• **The problem**
Quote word for word from the line holding "west medford online" to the last line below, including both, and omit any pictures.
** Opening Exercise data block **
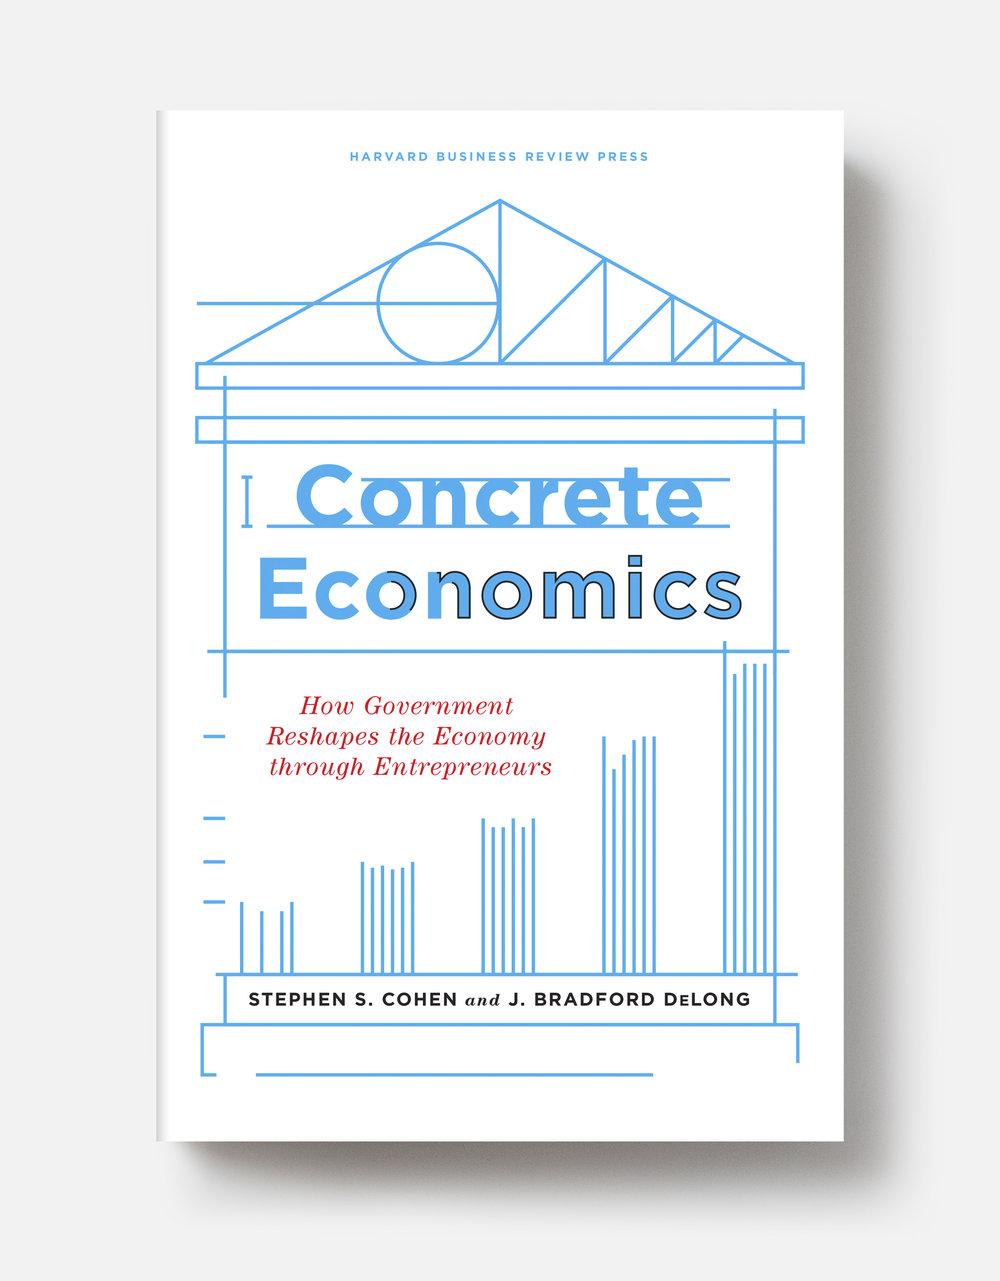 Concrete Economics mockup.jpg
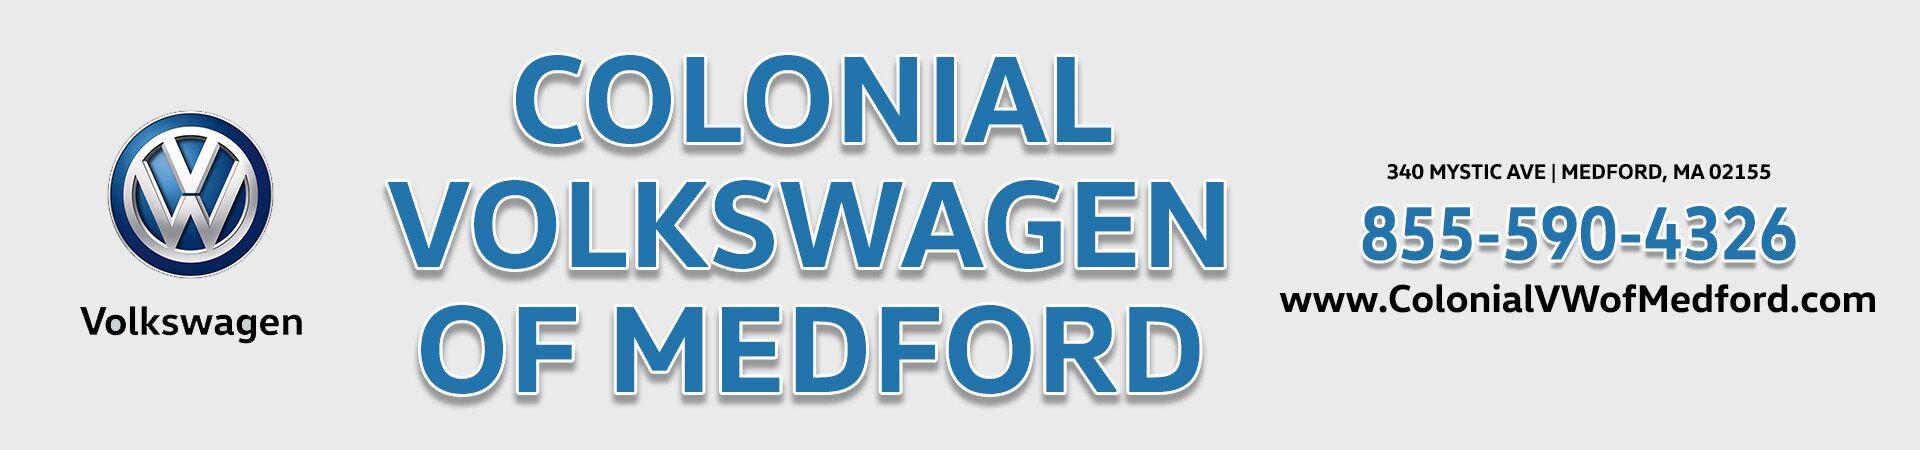 west medford online dating Normal boarding has resumed at west medford, wedgemere & winchester center stations.
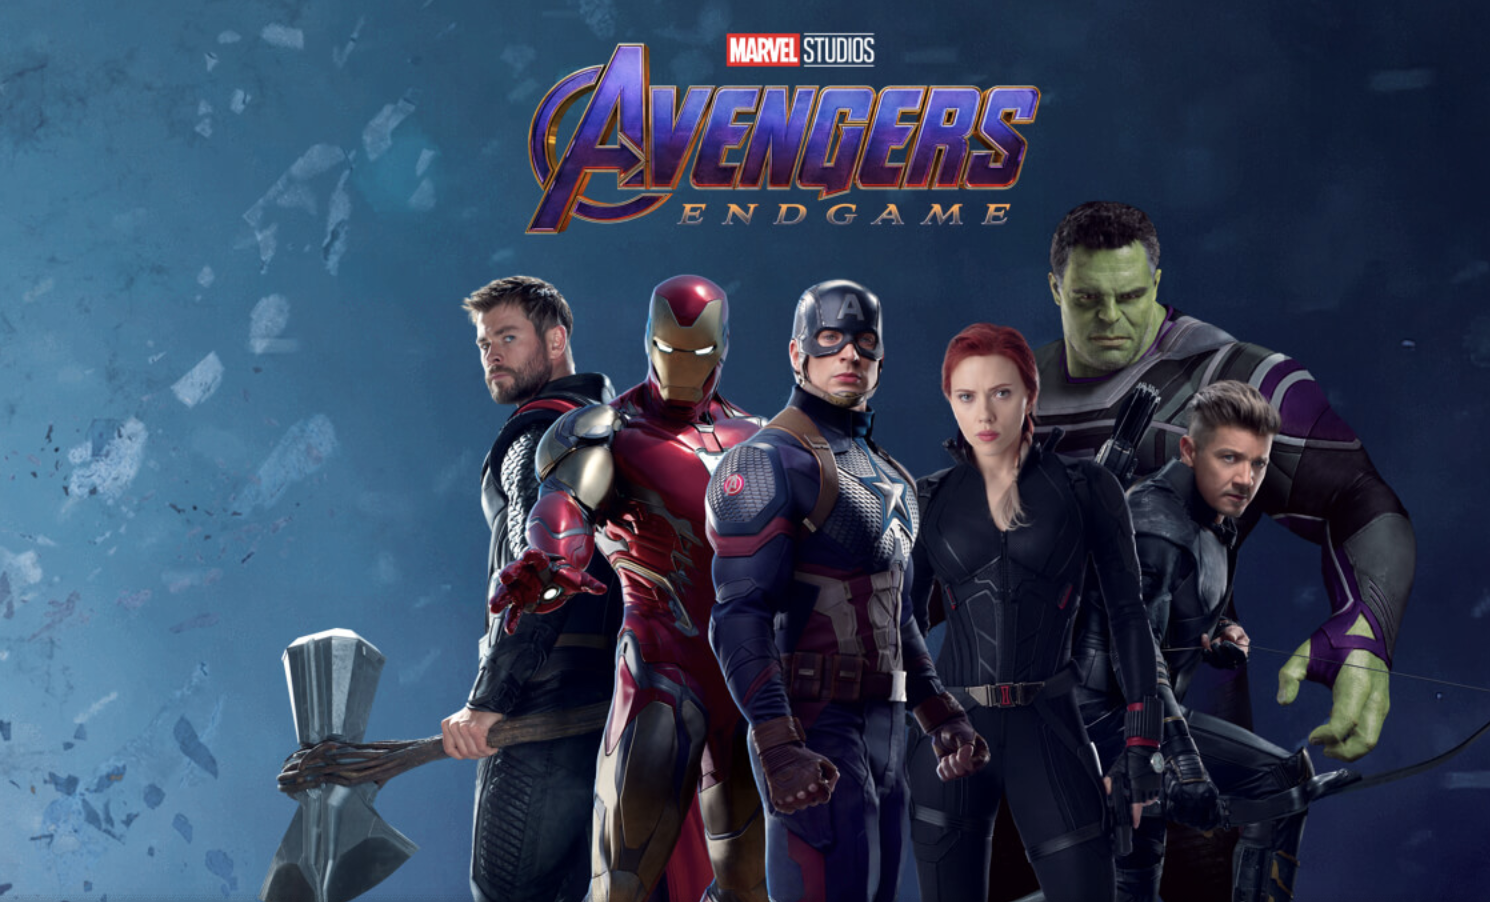 Imagen inédita de superheroínas en la batalla final de 'Avengers: Endgame' incluida ¿Black Widow?
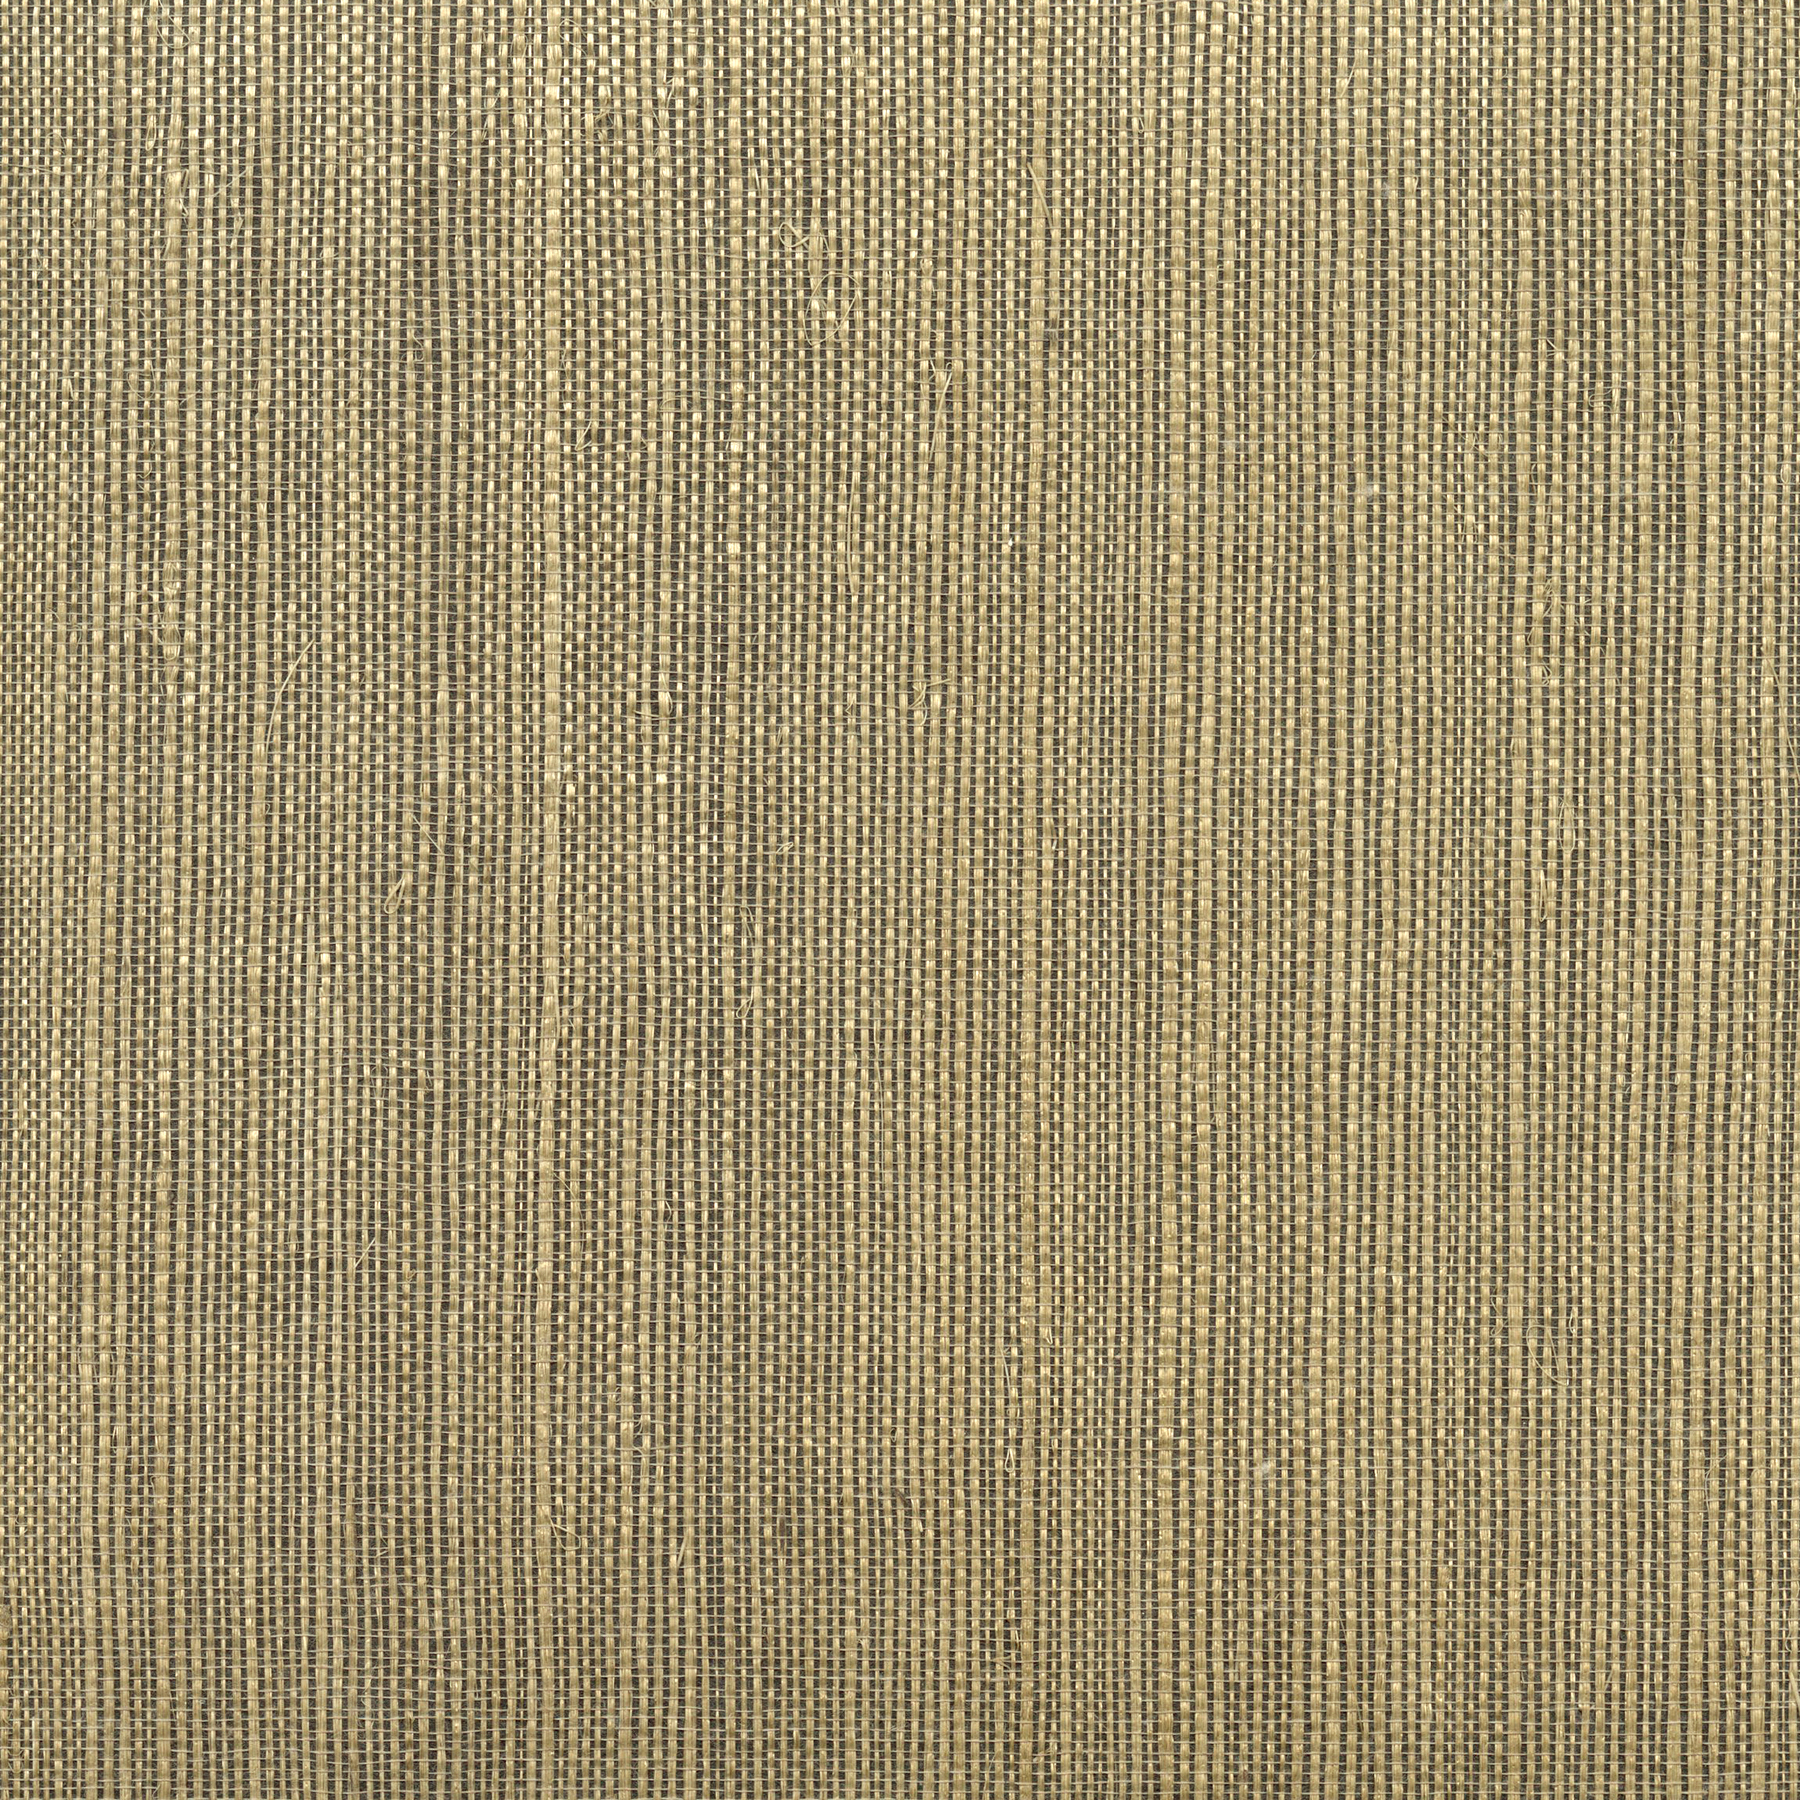 Picture of Barbora Chocolate Grasscloth Wallpaper
** Closing Exercise data block **
• **Written solution**
 west medford online dating Normal boarding has resumed at west medford, wedgemere & winchester center stations.
 Imagen inédita de superheroínas en la batalla final de 'Avengers: Endgame' incluida ¿Black Widow?
 Picture of Barbora Chocolate Grasscloth Wallpaper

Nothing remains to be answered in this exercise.